Your copy of the data below must be exact and must leave out all pictures.

▶ _Data_

-- Opening Marker --

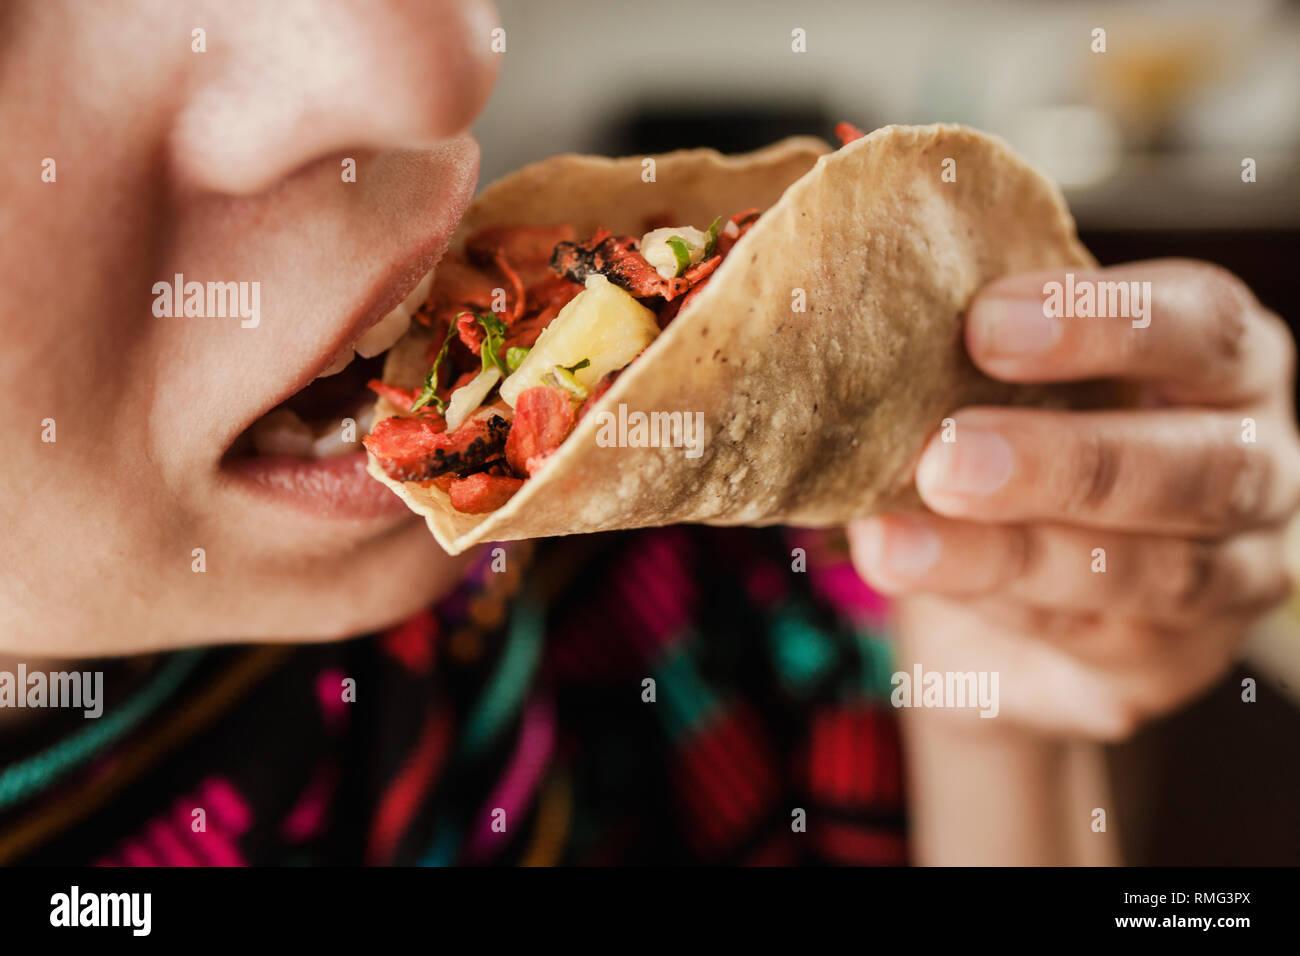 Erntegut Frau mit Taco al Pastor Stockbild
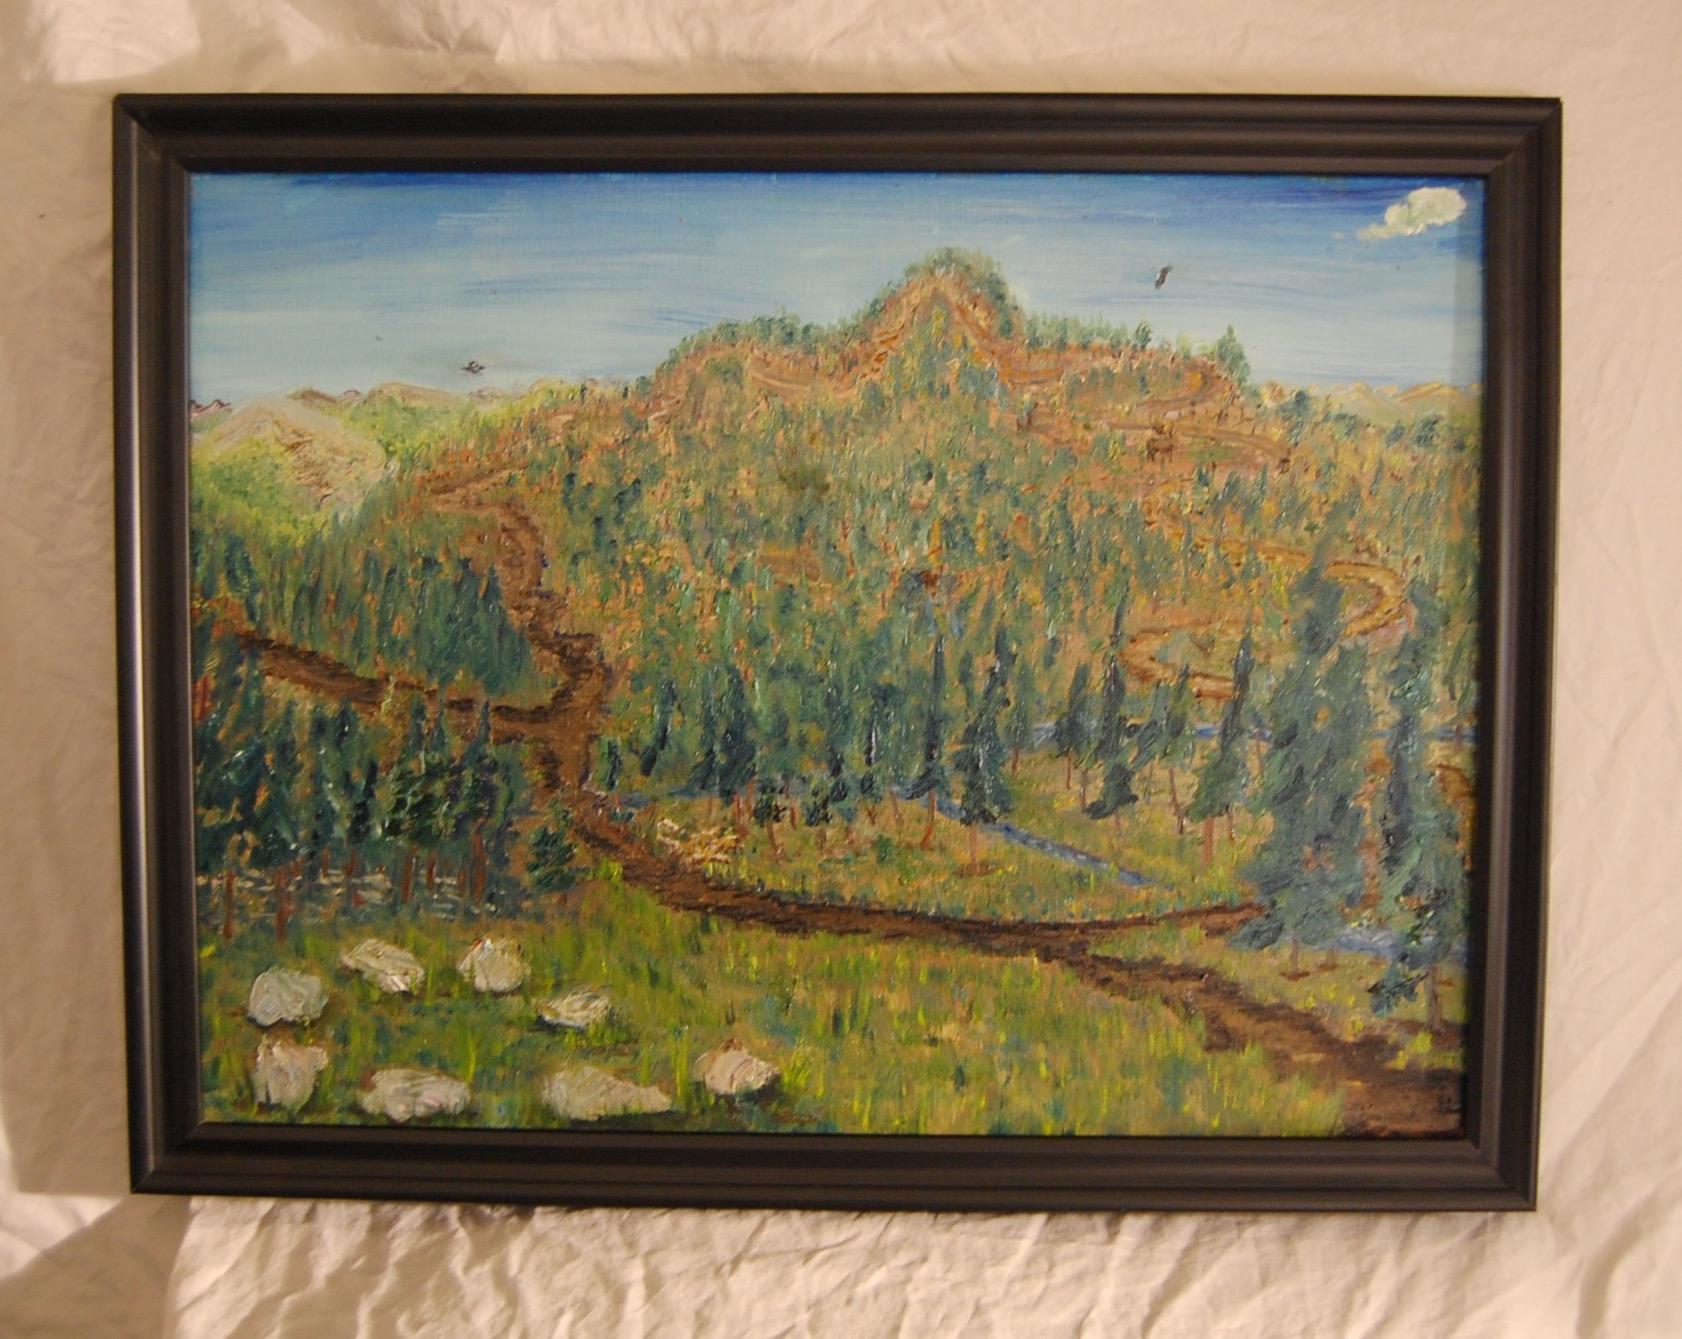 East Mountain  Oil on canvas  18 x 24  Black frame
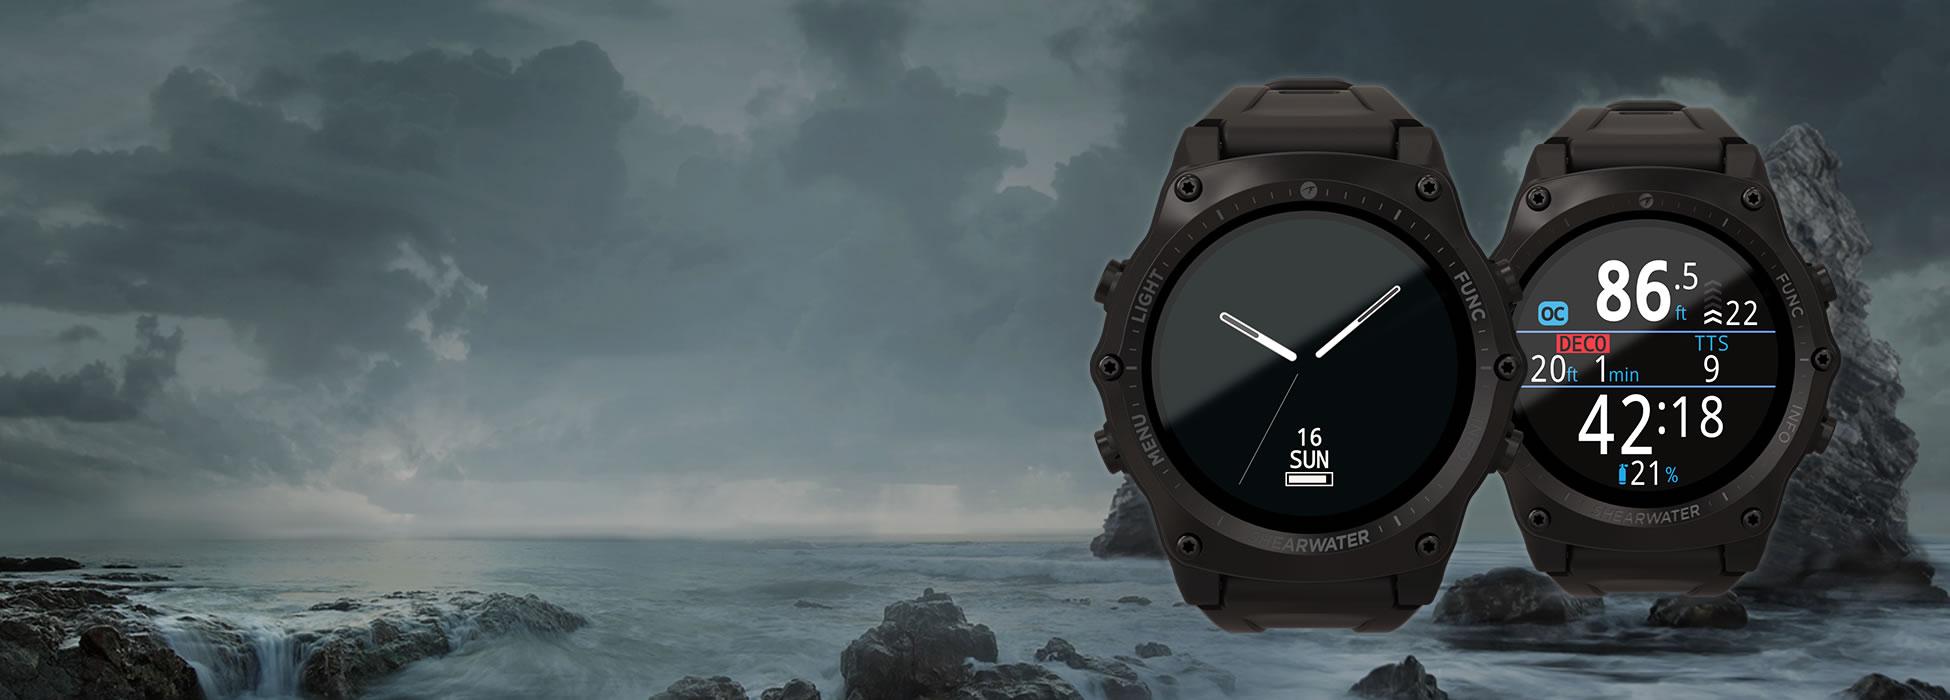 Shearwater Teric 潛水電腦錶 | 改變您對潛水的概念,輕鬆探索水下世界。 |  強大、簡單、可靠
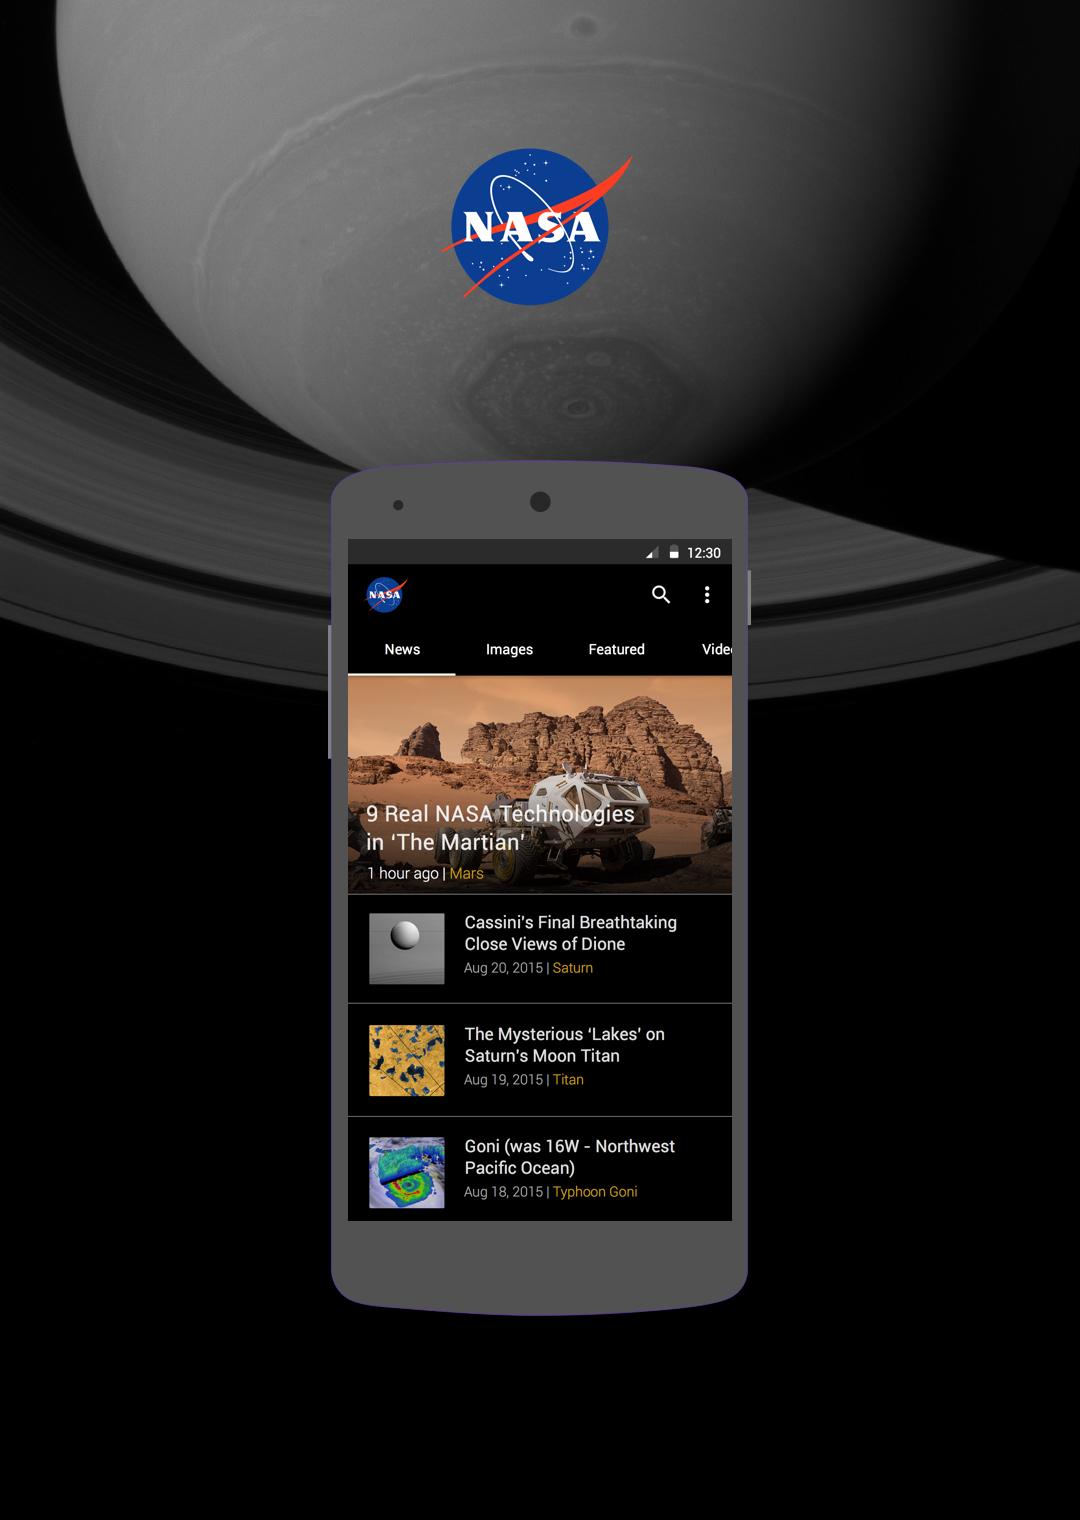 iPhone5c Copy 7.jpg

-- Closing Marker --

▶ _Answer below_
 Erntegut Frau mit Taco al Pastor Stockbild
 East Mountain  Oil on canvas  18 x 24  Black frame
 Shearwater Teric 潛水電腦錶 | 改變您對潛水的概念,輕鬆探索水下世界。 |  強大、簡單、可靠
 iPhone5c Copy 7.jpg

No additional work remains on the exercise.